GPU fallen off bus

This problem has been happening almost every day recently and has seriously affected my work. The system only returns to normal briefly each time it restarts.
bugs:

May 25 23:40:57 xmu-NMR kernel: [ 1161.724285] NVRM: GPU at PCI:0000:89:00: GPU-4723a2af-e63f-10f1-256e-7b1bc2aa6692
May 25 23:40:57 xmu-NMR kernel: [ 1161.724288] NVRM: GPU Board Serial Number: 
May 25 23:40:57 xmu-NMR kernel: [ 1161.724291] NVRM: Xid (PCI:0000:89:00): 79, pid=7147, GPU has fallen off the bus.
May 25 23:40:57 xmu-NMR kernel: [ 1161.724294] NVRM: GPU 0000:89:00.0: GPU has fallen off the bus.
May 25 23:40:57 xmu-NMR kernel: [ 1161.724295] NVRM: GPU 0000:89:00.0: GPU is on Board .
May 25 23:40:57 xmu-NMR kernel: [ 1161.724324] NVRM: A GPU crash dump has been created.
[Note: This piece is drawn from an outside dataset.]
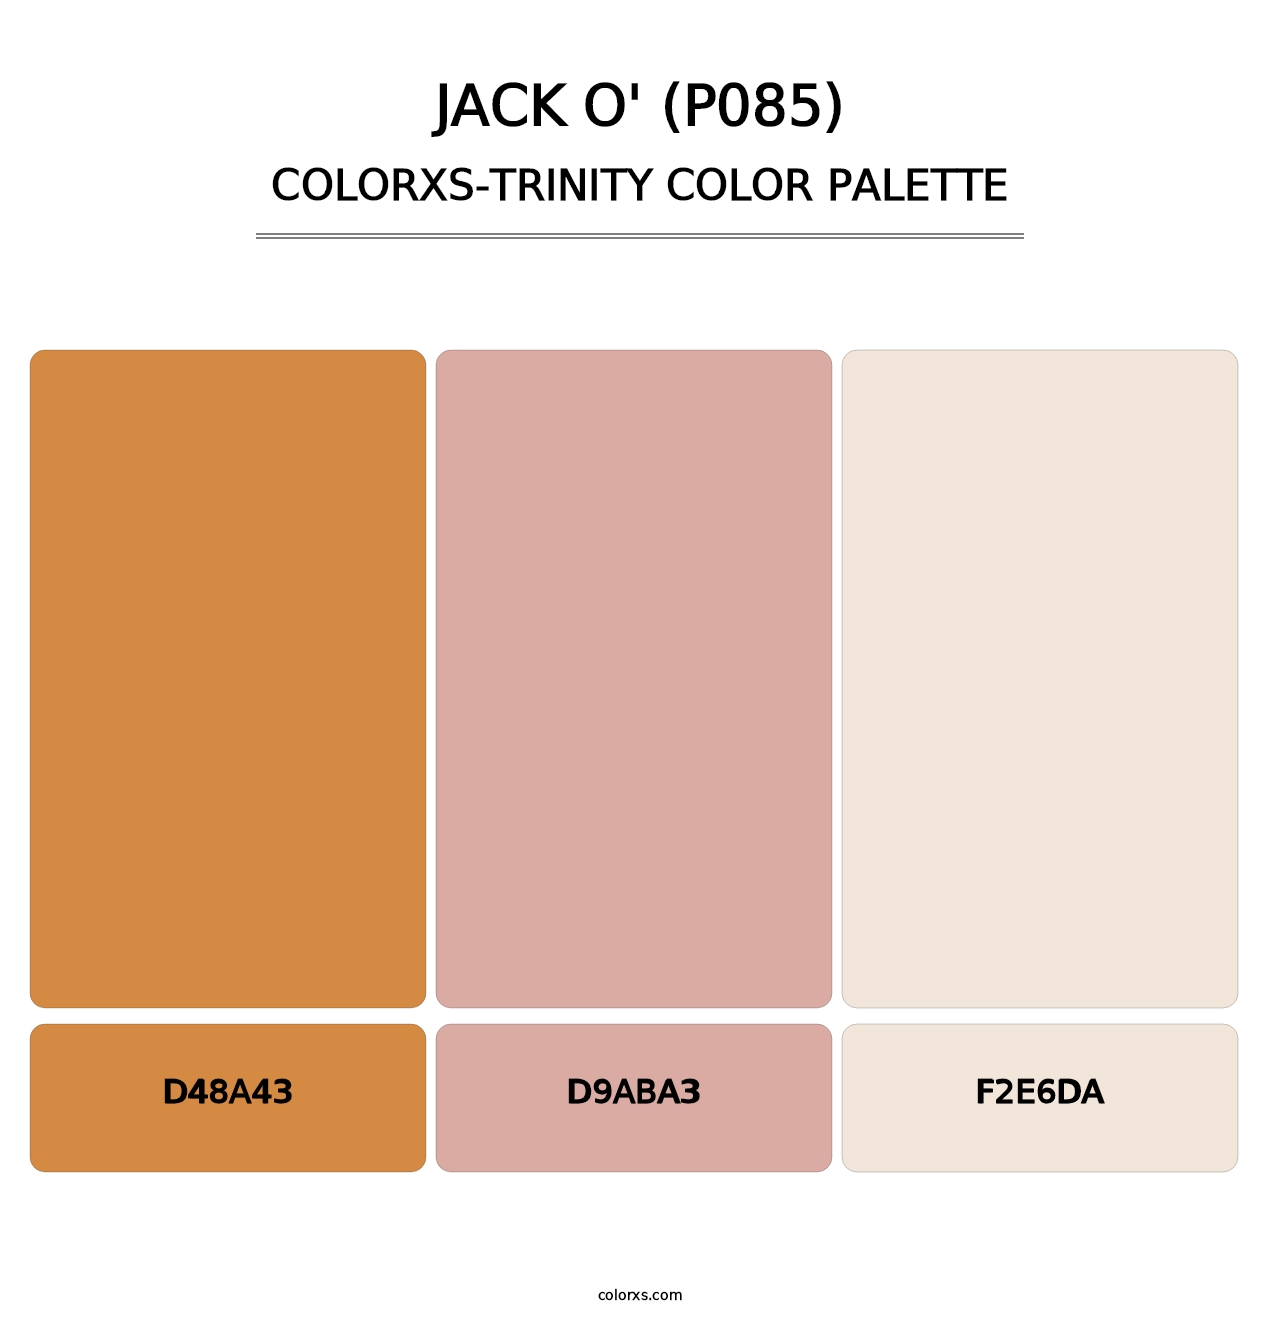 Jack O' (P085) - Colorxs Trinity Palette

If possible, please run
May 25 23:40:57 xmu-NMR kernel: [ 1161.724324] NVRM: nvidia-bug-report.sh as root to collect this data before
May 25 23:40:57 xmu-NMR kernel: [ 1161.724324] NVRM: the NVIDIA kernel module is unloaded.

nvidia-bug-report.log.gz (3.6 MB)

I’ve been getting those recently too. Super annoying. Last time this happened I’ve noticed a red LED light up next to the power cables on my 3090. Seeing how this issue could be related to power supply, I’ve tried replugging both cables, both on the GPU side and PSU side. I’m hoping this will fix it but I’m not sure.

I’m wondering if this could be a driver issue given that it seems to have started recently. I run the latest one - 510.68.02.

Please try limiting boost clocks using nvidia-smi -lgc on boot to check if this is a psu issue.